Il Tempo dovrebbe essere sempre riempito, usato, mai assassinato, come si usa dire: “non so come ammazzare il tempo”, quando sento questa frase mi salgono i succhi gastrici al cervello. Ma come,
ammazzare il Tempo? Non ne abbiamo mai abbastanza e voi lo volete pure accorciare? Dovreste trovare un modo per curarlo, tenerlo al calduccio, vezzeggiarlo, concimarlo, nutrirlo, in modo che
duri di più. Ci sono io, che non so curare neanche un’erbetta infestante, se la gramigna fosse stata sotto la mia tutela Gesù avrebbe dovuto tagliare metà delle sue parabole, pensate con quanta
maestria riesca ad aver cura del mio Tempo, assai più delicato di una pianta.
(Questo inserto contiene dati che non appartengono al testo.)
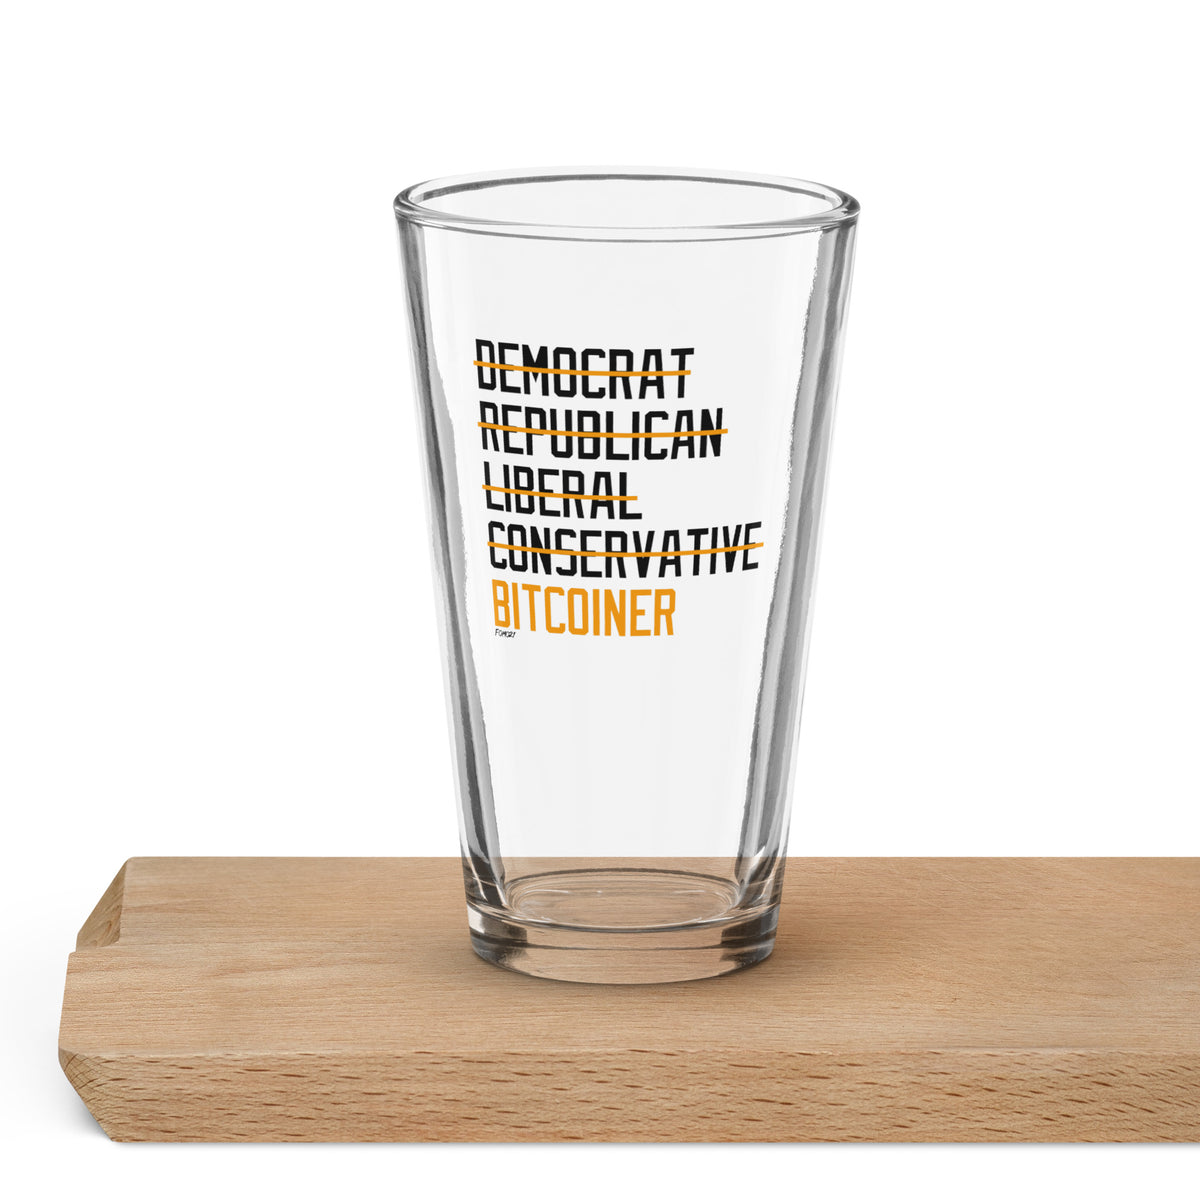 Democrat Republican Conservative Liberal Bitcoiner Bitcoin Pint Glass

Io il Tempo lo rincorro, lo chiamo a gran voce, arrancando, cercando di blandirlo, hey amico, datti una calmata, “vai scialla” ho letto su un social, che vorrebbe dire, appunto, prenditela comoda.
Una volta l’ho detto al Tempo e quello mi ha distanziato di ulteriori due misure, volete forse dargli torto? Scialla.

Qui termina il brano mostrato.